In previous literature, speed and motion cues are considered for object detection and not as factors affecting depth perception (Bedell et al., 2003; Cucchiara et al., 2001; Dubuisson and Jain, 1993; Møller and Hurlbert, 1997). When accounting for speed, these works focus on sequences of frames for automatic object tracking or trajectory prediction (Chen and Meng, 2010; Lee et al., 2020; Li et al., 2021; Morzy, 2006). Self et al. found that color and motion-defined shapes activate similar regions in the brain more strongly when used together than either of these cues separately (Self and Zeki, 2004). Some research works specifically include the color of either the object or environment to assist with prediction (Gao and Spratling, 2022; Wu et al., 2014). Oueslati et al. show the importance of being aware of ever-changing contexts of environments (Oueslati et al., 2021). However, Verghese et al. investigated locational and color cues for attentional bias (Verghese et al., 2013). They found that locational cues are important for prediction, although color could not be used to focus attention and integrate motion alone. Hong et al. demonstrated that the motion of an object affects both its own color appearance and the color appearance of a nearby object, suggesting a tight coupling between color and motion processing (Cappello et al., 2016). Based on these papers, we hope to provide insight into the effects of color and motion in relation to OST-AR and depth perception.

3 Experimental design

3.1 Design choices

3.1.1 Experimental methodology

In prior research such as (Do et al., 2020), paired comparison experiments have been employed to evaluate the quality of certain features. In this experimental methodology, a user sees a combination of two objects and picks between the two to decide which object has the better or expected quality. We follow this (paired comparison) approach in our research. Typically, in the paired comparison experiments done in the literature, the user is not allowed to give the opinion that both objects have the similar quality of features being evaluated. Instead, an analysis of consistency is done by checking for ternary relationships, such as circular triads. For instance, let us consider our research in which users must choose which colored cue is closer. Here, following the ternary relationships, if color_a is closer than color_b and color_b is closer than color_c, then it must follow that color_a is closer than color_c. We analyze the user’s choices to check if this ternary relationship holds or not. This check also helps us to understand if the user is choosing at random. If random choices are made by the users, this inequality may not be followed, resulting in the formation of a circular triad. This metric is further explained in Section 4.1, to find if choices are random or follow a pattern. In this case, we measure the depth perception of the objects.
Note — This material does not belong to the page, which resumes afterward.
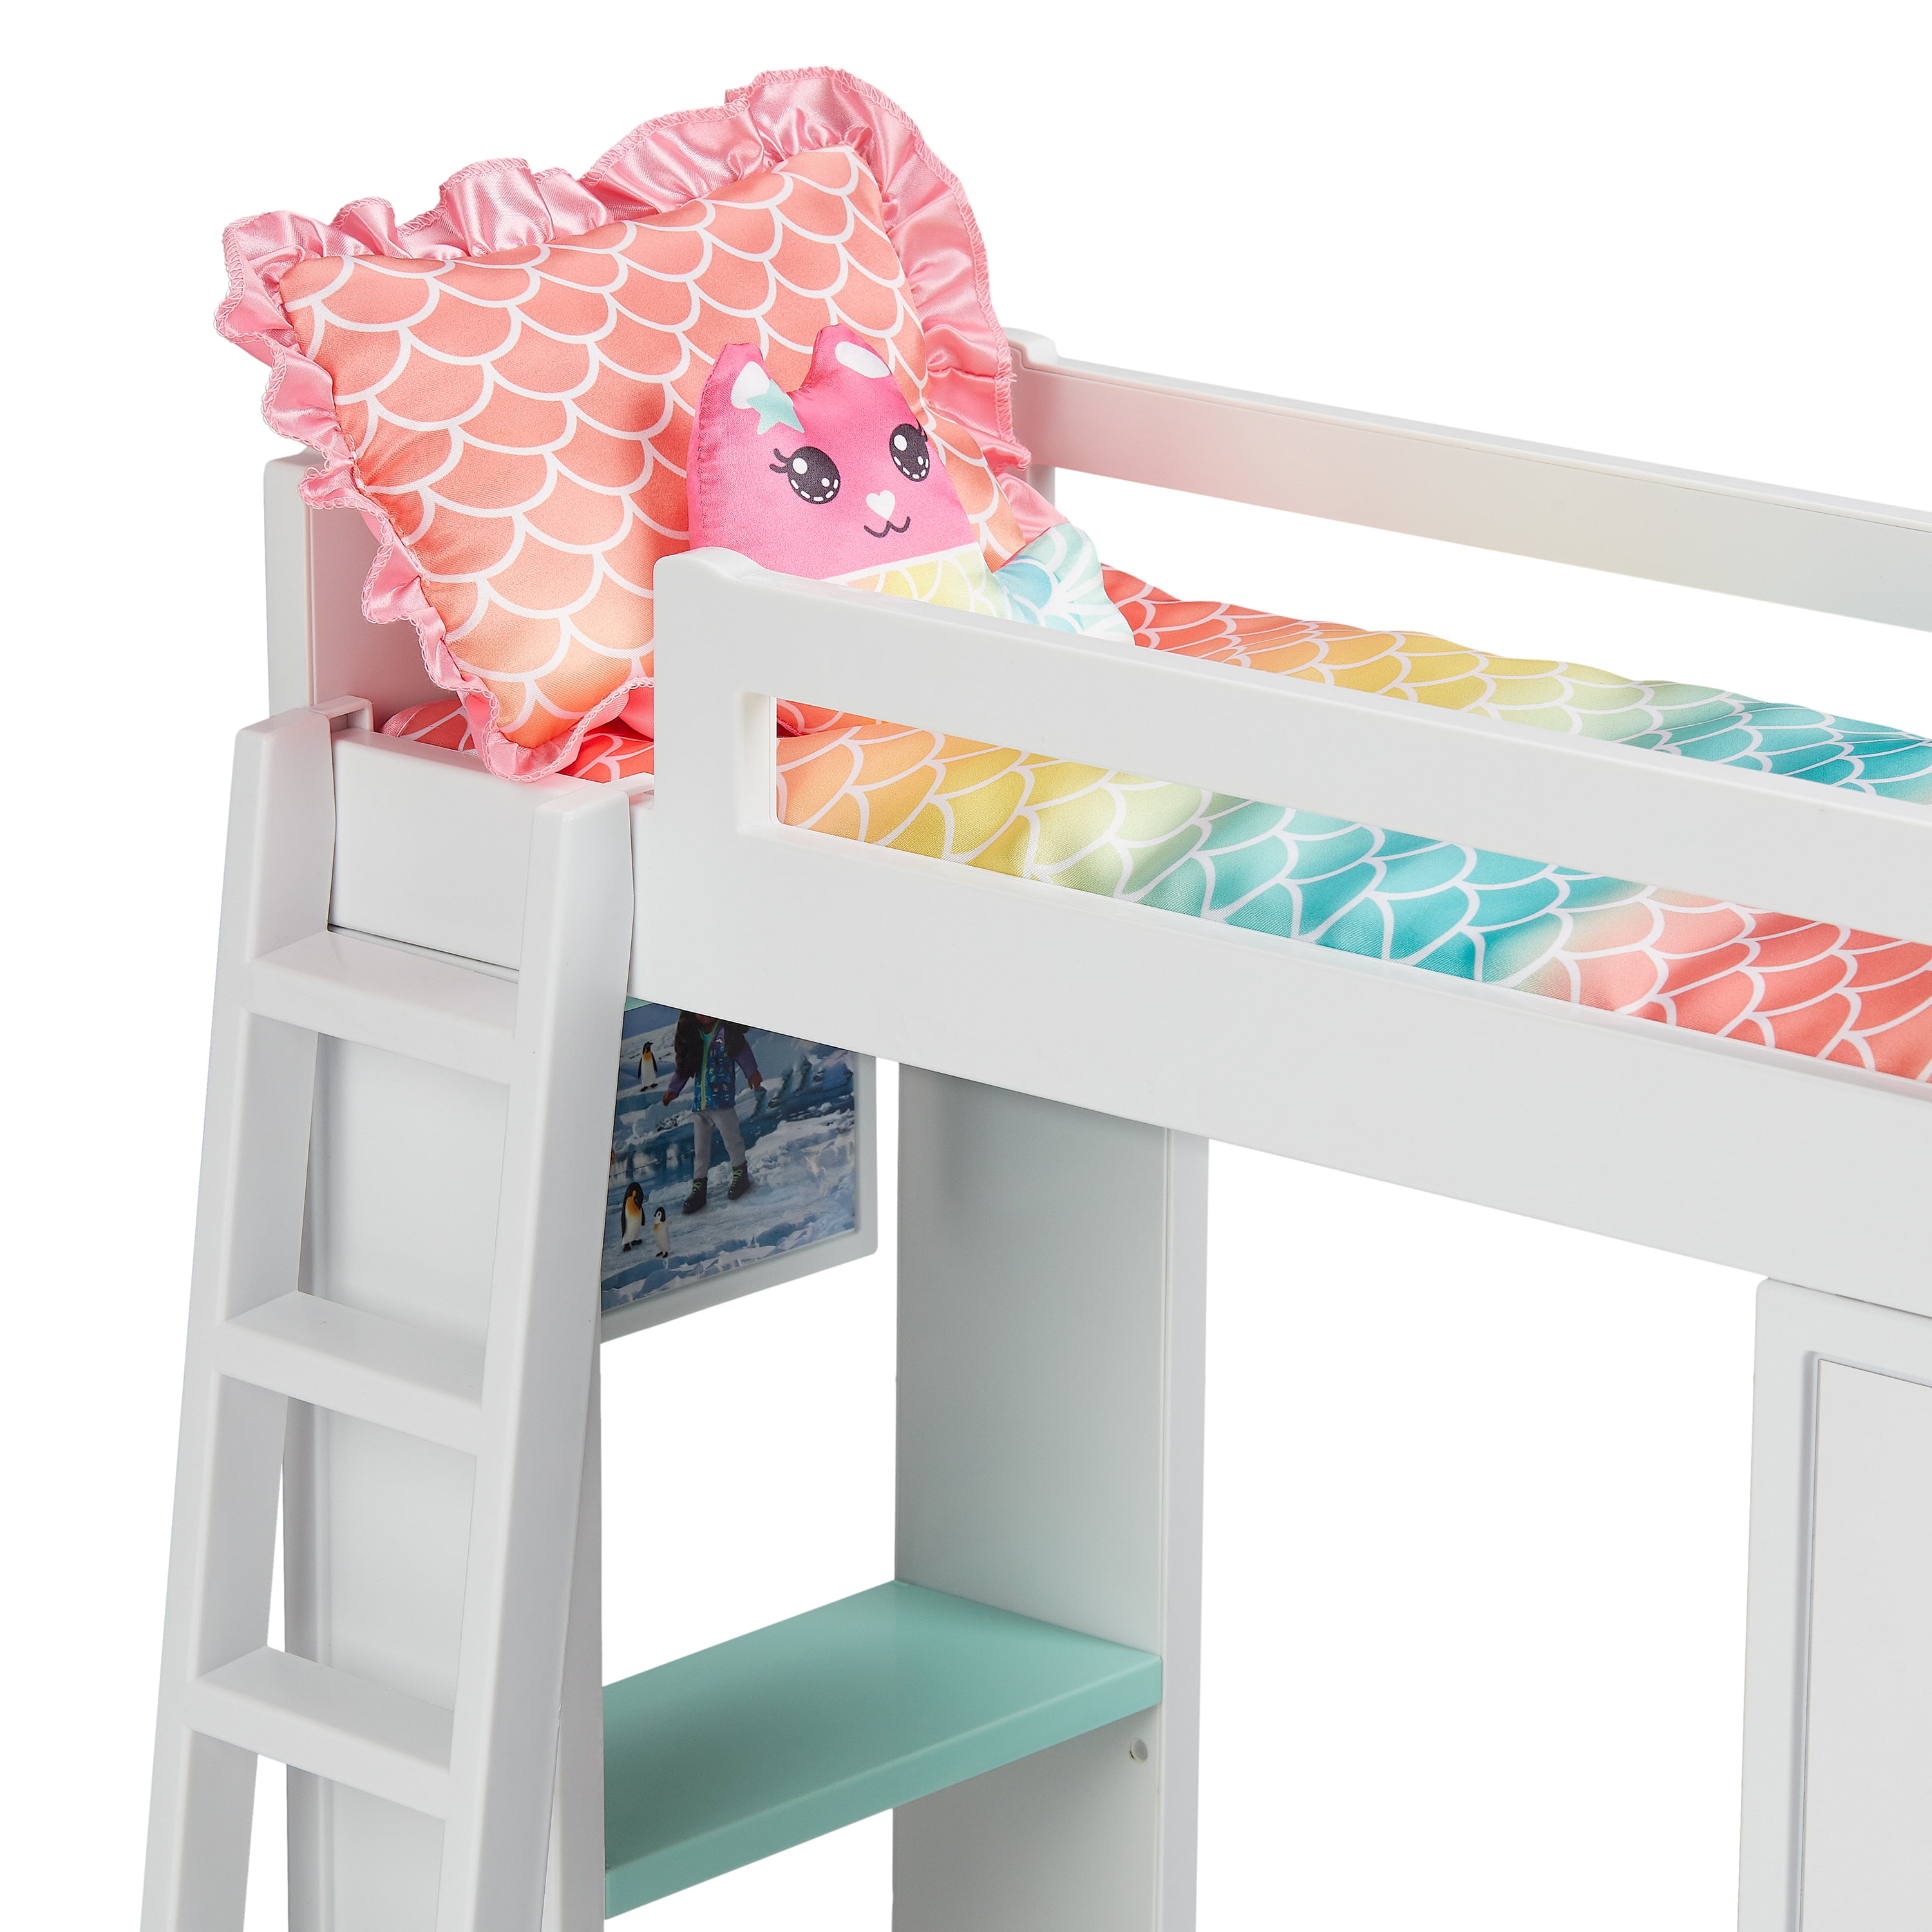 My Life As Loft Bed Play Set For 18, Baby Alive Bunk Beds
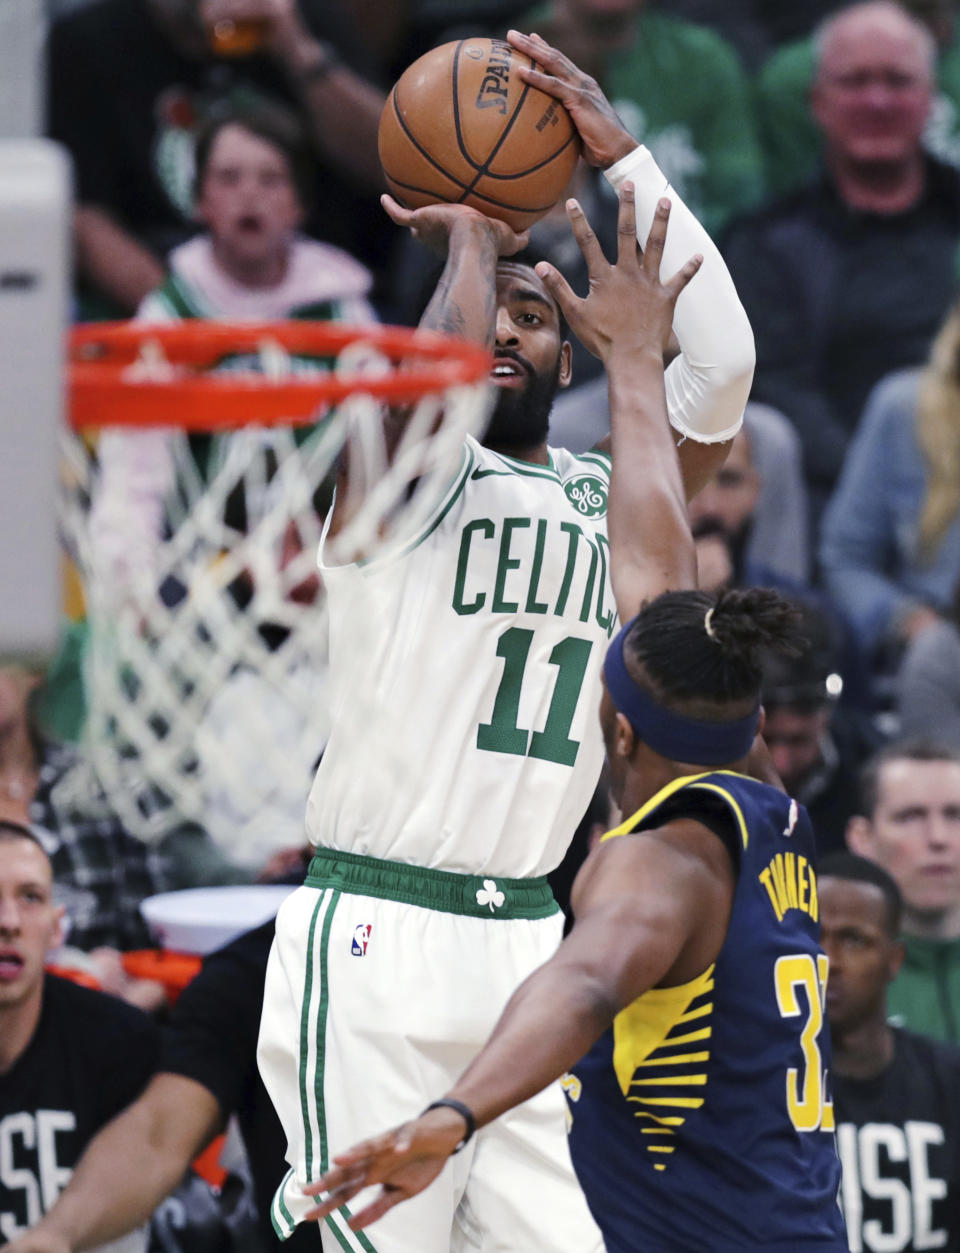 Boston Celtics guard Kyrie Irving (11) shoots over Indiana Pacers center Myles Turner (33) during the first quarter of Game 2 of an NBA basketball first-round playoff series, Wednesday, April 17, 2019, in Boston. (AP Photo/Charles Krupa)

In each experiment, we cycle through hue and luminance pairs. The hues and luminance tested can be seen in Figure 1. The experiments differ in terms of movement, i.e., objects moving towards the user at varying speeds, and environmental lighting. Based on past research, we expected warm colors to be perceived as nearer than cooler colors at the same luminance, in dim environments, with the reverse true in brighter environments. However, we wanted to observe if these results are maintained when using an OST-AR device, in dim and bright indoor environments, and when objects are moving. Although the HoloLens2 is an OST-MR device, we use its AR capabilities for the purpose of these experiments.

FIGURE 1

FIGURE 1. The color conditions used for the paired comparisons. A color is displayed with its given abbreviation and hex color code (Based on data from Do et al. (2020)).

3.1.2 Experimental setup

The experiments were performed in an indoor environment. In this environment, users had at least 5 m of space in front of them with a width of at least 6 m to their side. A large, white background was placed before them at a 5-m distance to compare the orbs on a static background, leaving the rest of the peripheral environment the same. We ensured that the orbs were not occluded behind any walls and that there was ample room between the AR objects and any real objects. Two spheres, each roughly 25 cm in diameter across each dimension, were placed in front of the user. These spheres were 2.0 m away from the user on the x-axis, left and right respectively, and 4.5 m away from the user on the z-axis. This leads to the visual angle subtended being calculated as $\arctan (\frac{4.5}{2.0})$, leading to angles −23.96° and 23.96° on the z-axis respectively. Both spheres are rendered at equal distances from the user. The prior research (Do et al., 2020) also follows a similar approach by rendering the spheres at the same distance, though the rendering is static in the prior works. In our work, each sphere moves toward the user at the same speed, thus maintaining an equal distance from the user. This is further explained in Section 3.4. As the HoloLens2 has a limited field of view, we used these measurements to ensure that the entirety of the spheres was visible at all times. Similarly, we ensured that there would be no overlapping of virtual objects, thus removing the issue of color blend and overlap. As participants began their experiment, their eye level was calculated and the spheres were created at eye level on the y-dimension.

3.1.3 User study design

Users were tasked with selecting the orb that appeared either closer to them or would collide with them first if moving. After selection, the selected orb would have a marker, indicating its selection for 500 ms, in line with other similar paired comparison experiments. We conducted the same experiment across two lighting conditions: 1) a bright environment measured at 287 lux, and 2) a dimmer environment measured at 156 lux, as seen in Figure 2. Lastly, after every combination of colors was seen and a choice selected, the spheres would begin moving at a speed of 0.5 m/s. After every combination was seen again, the spheres would increase to 1.0 m/s.

FIGURE 2

FIGURE 2. Augmented Reality Color Experiment - On the (A) a bright environment measured at 287 lux, and (B) a dimmer environment measured at 156 lux.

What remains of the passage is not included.